- Publisher: Grandstand
- Platform: Handheld
- Release: NA: 1981;
- Genre: Maze

= Mini-Munchman =

1981 handheld electronic game

Mini-MunchMan is an LCD handheld electronic game that was released in 1981 in the UK by the manufacturer Grandstand. The game is a rebadged version of the Pac-Man clone Epoch-Man from Epoch.
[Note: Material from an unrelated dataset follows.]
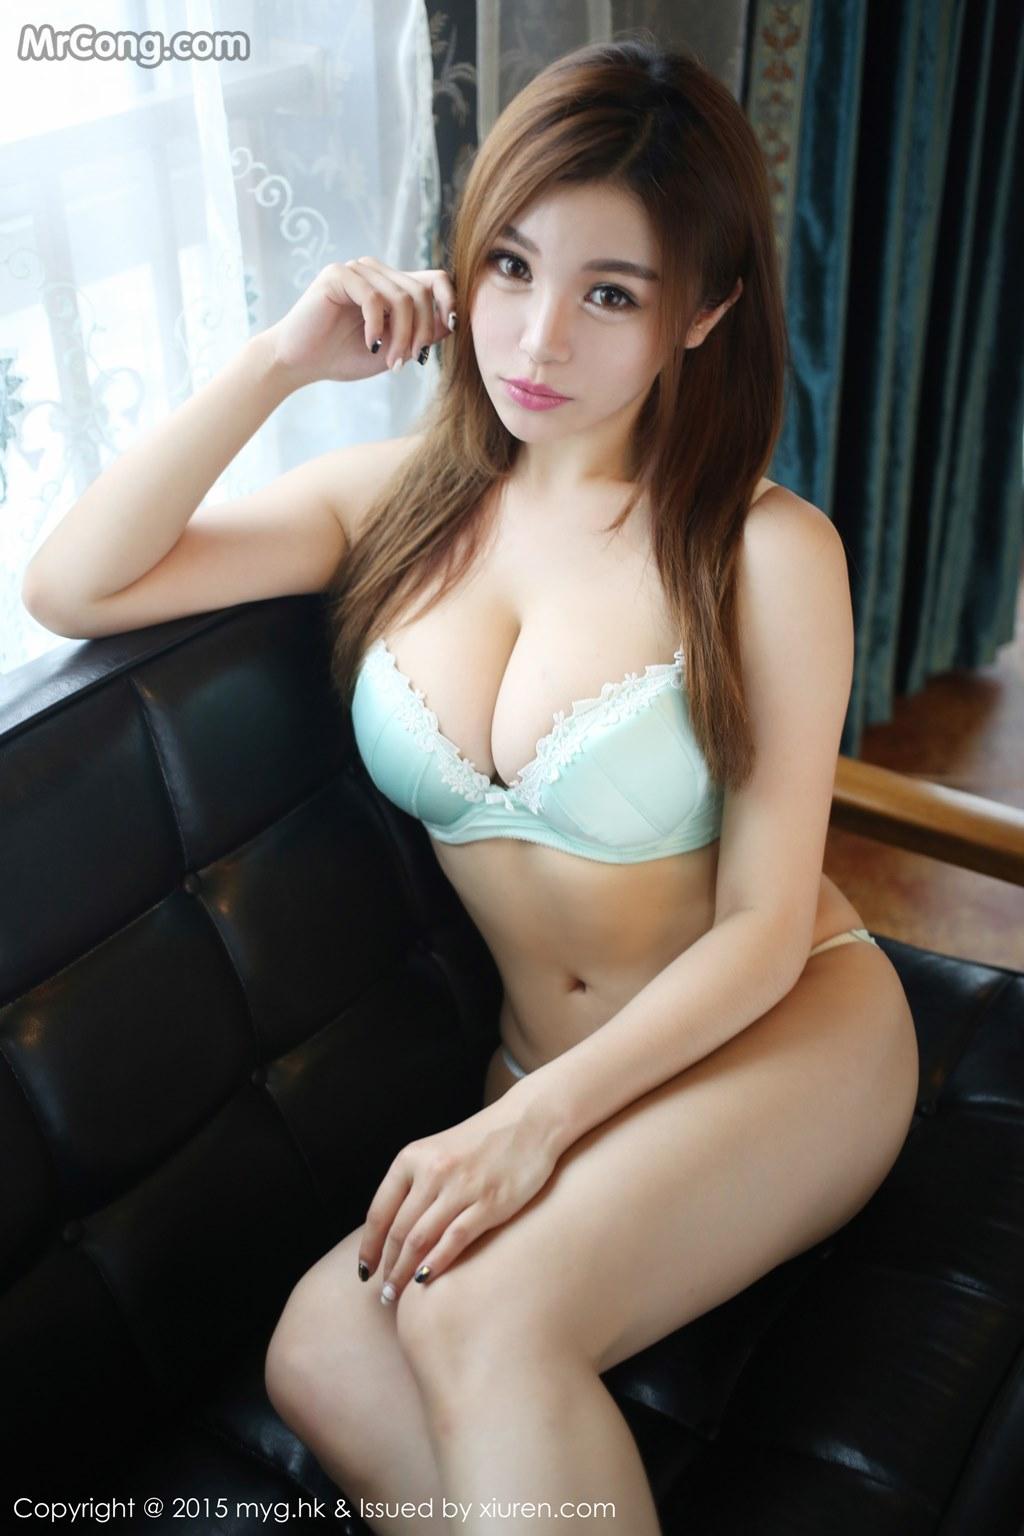 MyGirl Vol.134: Model Liu Ya Xi (刘娅希) (67P)

In some markets, such as Australia, the game was badged "Mini-Arcade".

==Overview==
Capitalising on the then-contemporary success of Namcos Pac-Man, the game was released in the same year as Grandstand's larger Munchman game and in the same yellow colour scheme (Conversely, Epoch Man is white). Mini-Munchman, however, is a pocket-sized device that includes additional features, such as a real-time clock, alarm, and stopwatch. The manufacturer later spawned a larger LCD version with greater screen area called Pocket Pac-Man.

==Hardware==
The game uses a low consumption LCD-based screen, allowing for a small form factor design incorporating alkaline button power cells. The game requires two LR-44 or equivalent cells. In-game objects are displayed on fixed, immovable LCD elements. The main score display, which doubles up as a date/time and stopwatch display, consists of a three-and-a-half-digit display and an extra small digit for tenths of a second, or lives remaining.

==Gameplay==

The object of the game is to move the character around a maze, eat all the fruit, and avoid contact with ghosts. There are two humpback bridges containing fruit items over and underneath the bridge. Each successive level is faster, increasing difficulty. Each level has a fixed route the player can follow to ensure completion without losing a life. The game tracks the player's score, with a maximum possible score of 1,999. Once this has been exceeded, the score will display as HHH.